Masters Theses

Date of Award


Degree Type


Degree Name

Master of Science


Aviation Systems

Major Professor

Robert B. Richards

Committee Members

U. Peter Solies, Charles T.N. Paludan


In August 1994, a Statement of Work (SOW) was issued for the design, installation, and integration of Government Furnished Equipment (GFE) and Commercial Off The Shelf (COTS) technology on a U.S. Naval Test Pilot School (USNTPS) aircraft. The program was known as the Airborne Systems Training and Research Support (ASTARS) Aircraft.

The proposed aircraft would train test pilot students throughout the globe on airborne systems flight test techniques. The concept was initiated from a cancelled A-12 design bed and would be built on a P-3 Orion aircraft. In April 1995, the proposal to build the ASTARS aircraft was accepted, resulting in a contract award to private industry. In its first few years the new ASTARS program experienced terrific success. More than 1,000 individuals from 19 different countries were trained using the ASTARS system. The aircraft was an integral syllabus component for the world’s largest test pilot schools.

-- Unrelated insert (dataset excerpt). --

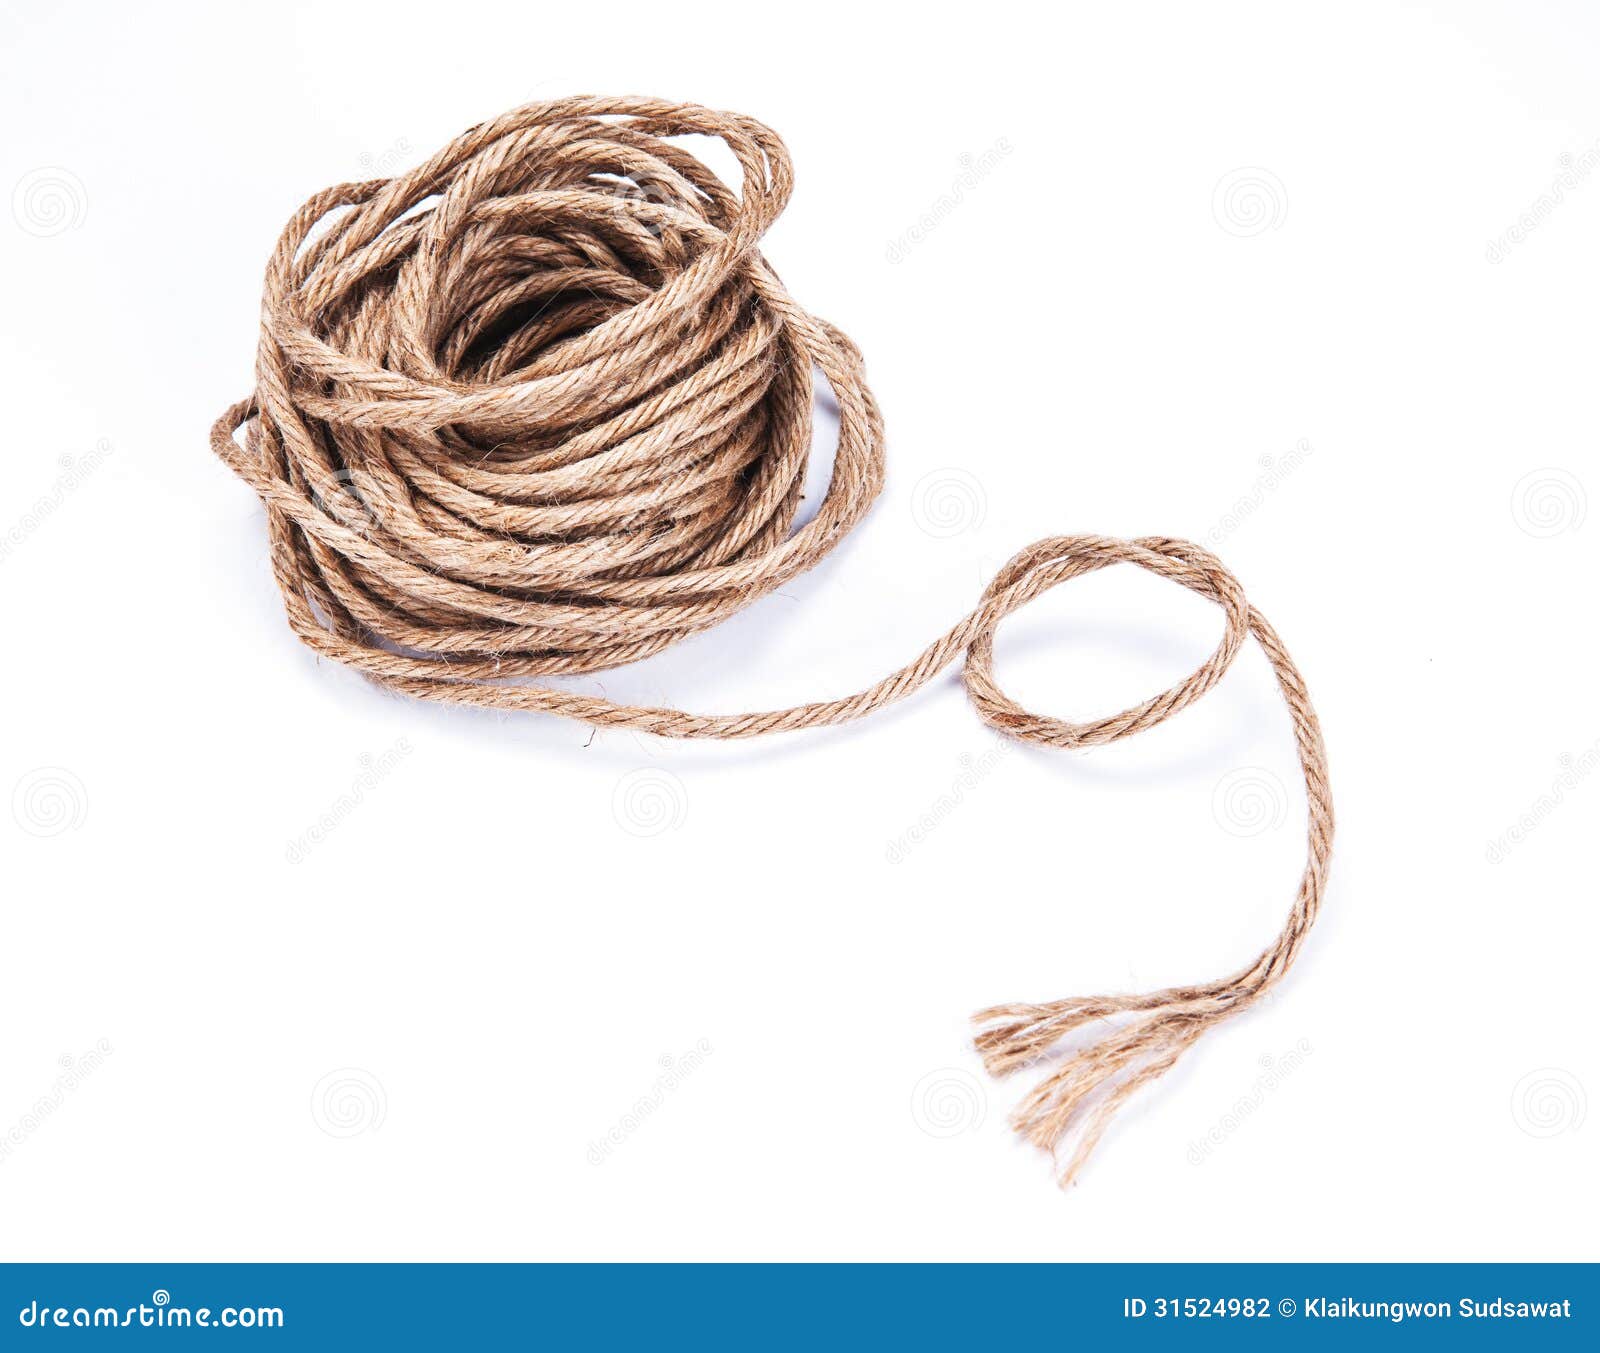 Small Rope Coiled on White Background Stock Photo - Image of stack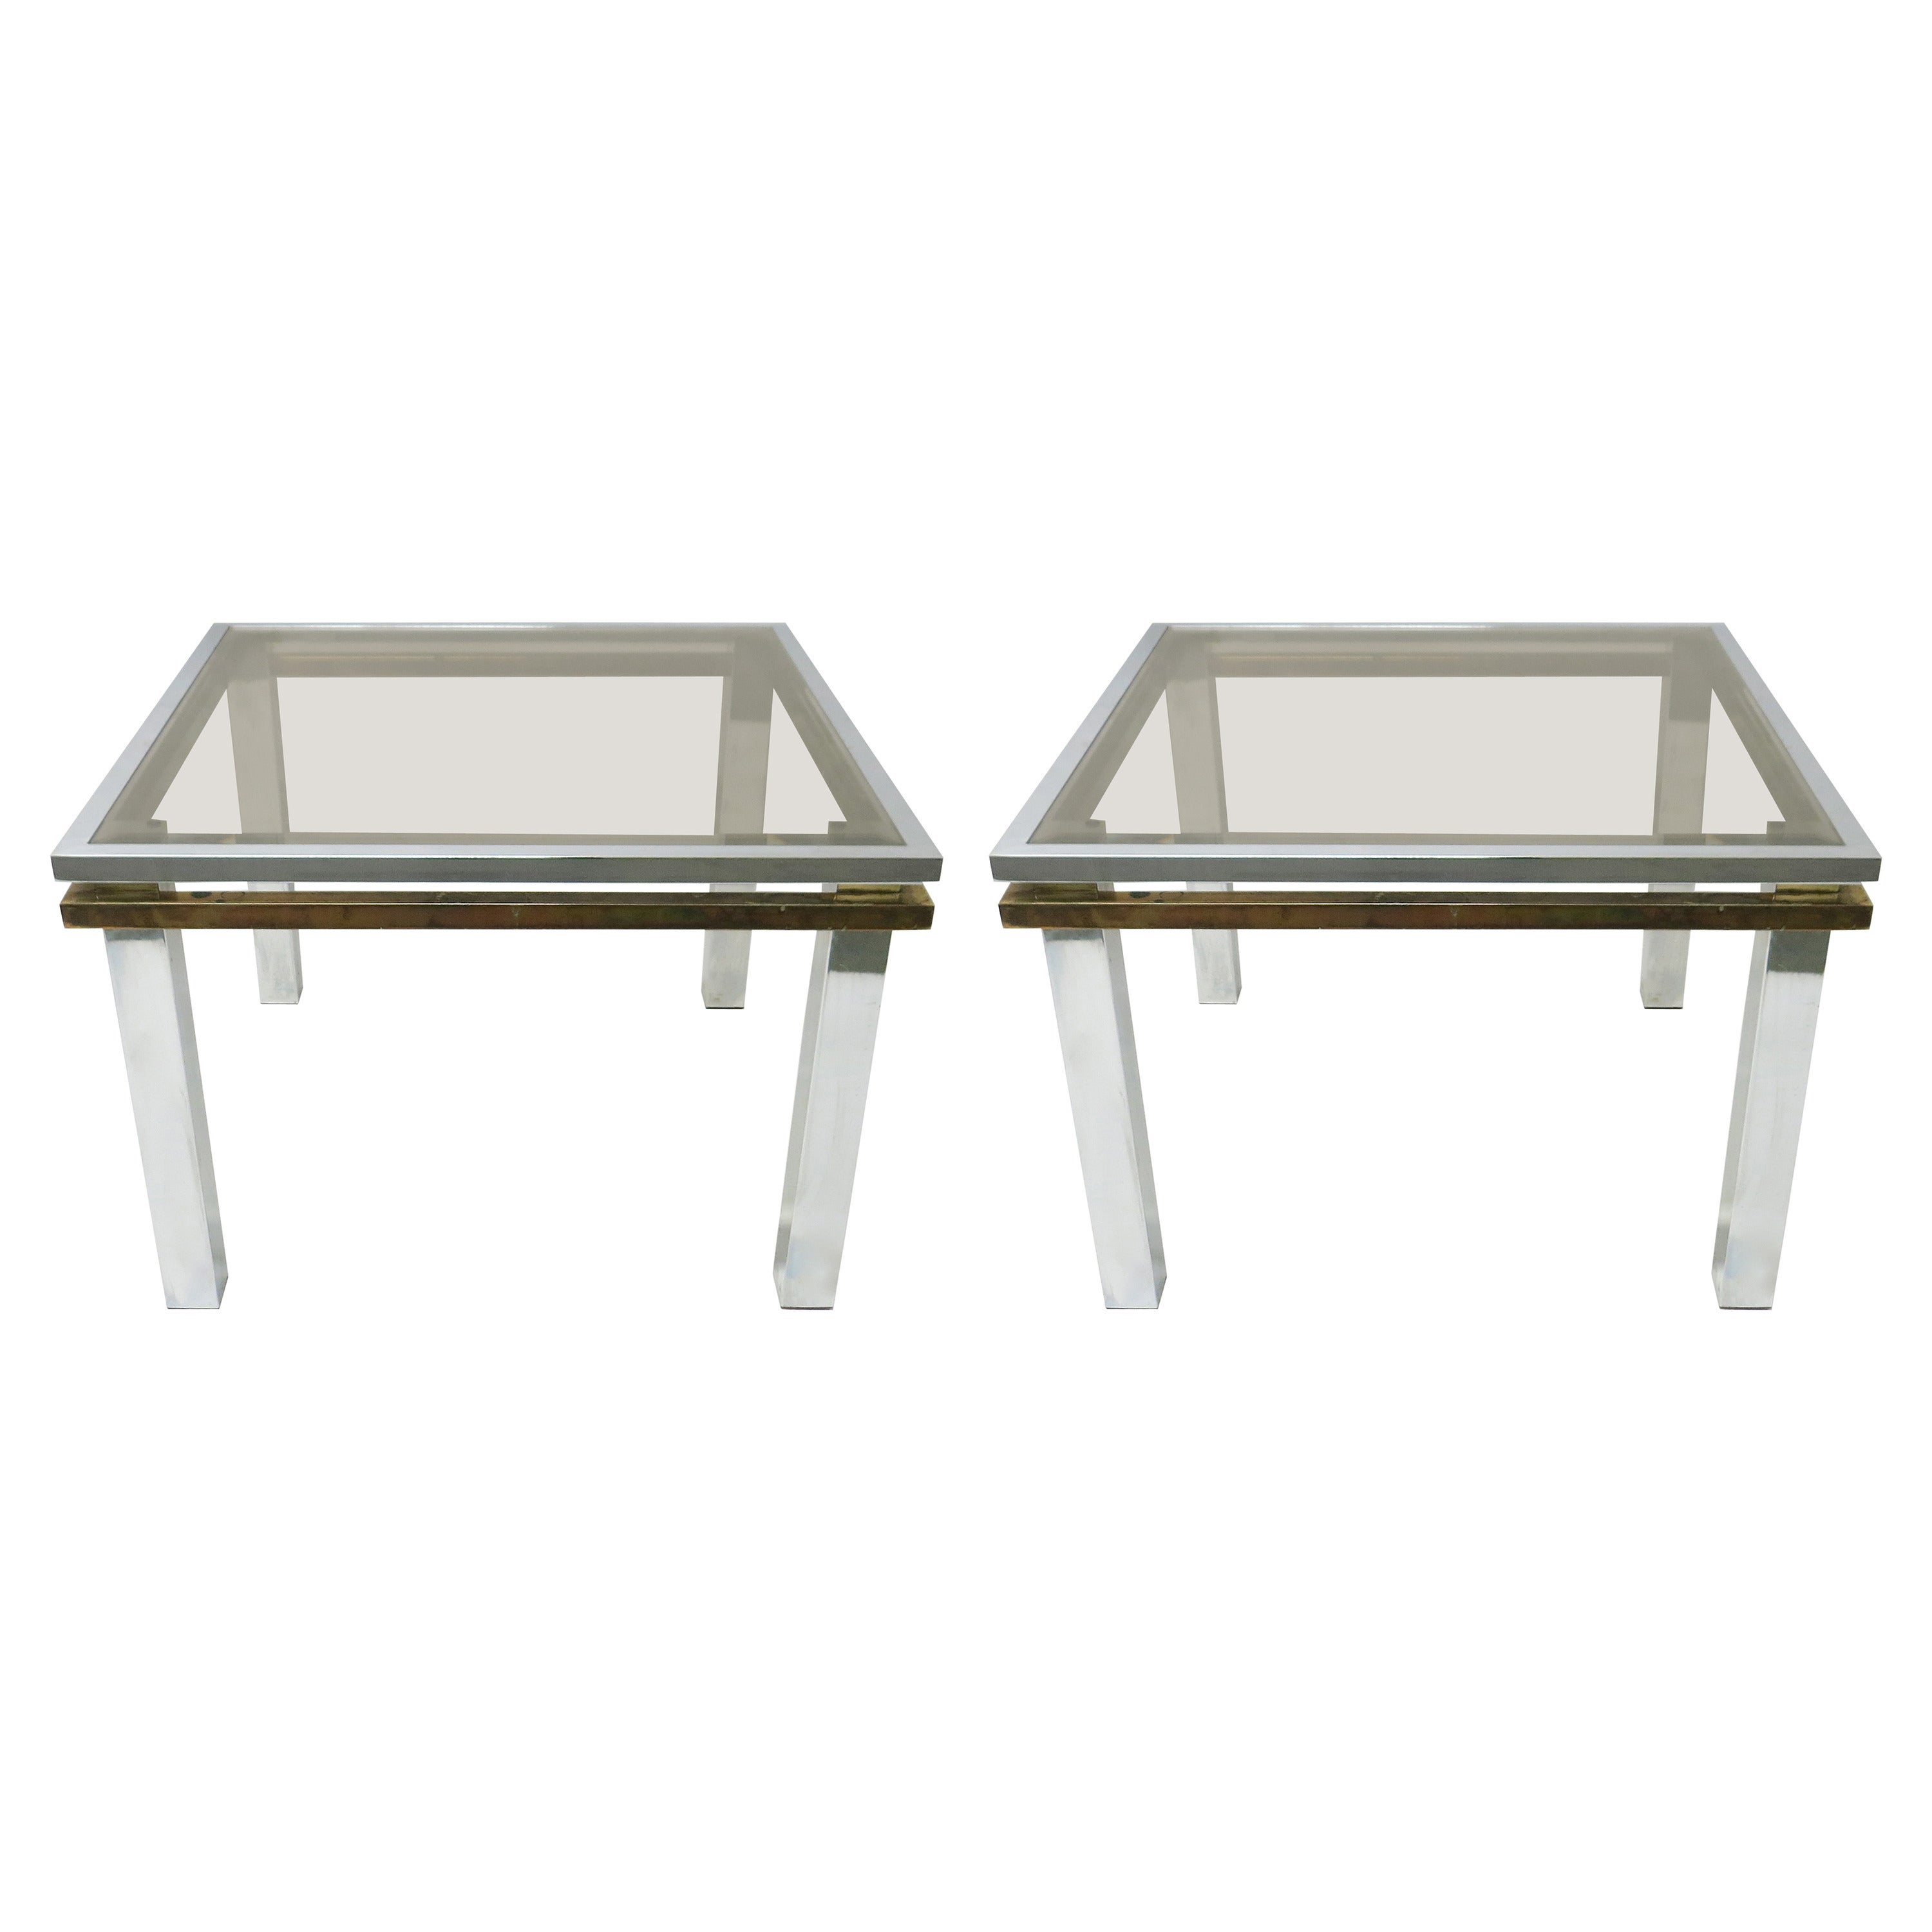 Pair of Square Side Tables in Chrome and Brass, USA C. 1970 For Sale

Although an excellent training tool, the single ASTARS asset could not provide continuous year-round training. Rising flight training demands along with a required 8‑month maintenance phase amplified the need for a second ASTARS aircraft. In 2001, the acquisition of a second ASTARS (ASTARS II) commenced. Unfortunately the ASTARS II acquisition schedule slid noticeably. By the planned Initial Operation Capability (IOC) date, the aircraft remained only partially capable and only a few student-training exercises had been conducted. On 14 July 2004, a meeting by USNTPS upper management was called to determine answers to the following questions: How far along is the ASTARS II program development? What will it take in cost and schedule to complete the development? Is further development supportable? Are there options for use as a partially mission capable aircraft? In general, management was trying to decide whether or not the program should be cancelled.

This thesis discusses the programmatic and technical obstacles experienced in this government-only acquisition program. Based on lessons learned and an analysis of this material, the author made recommendations as to how acquisition programs such as this can be conducted in a more efficient manner with an emphasis on systems analysis and readily available program management strategies.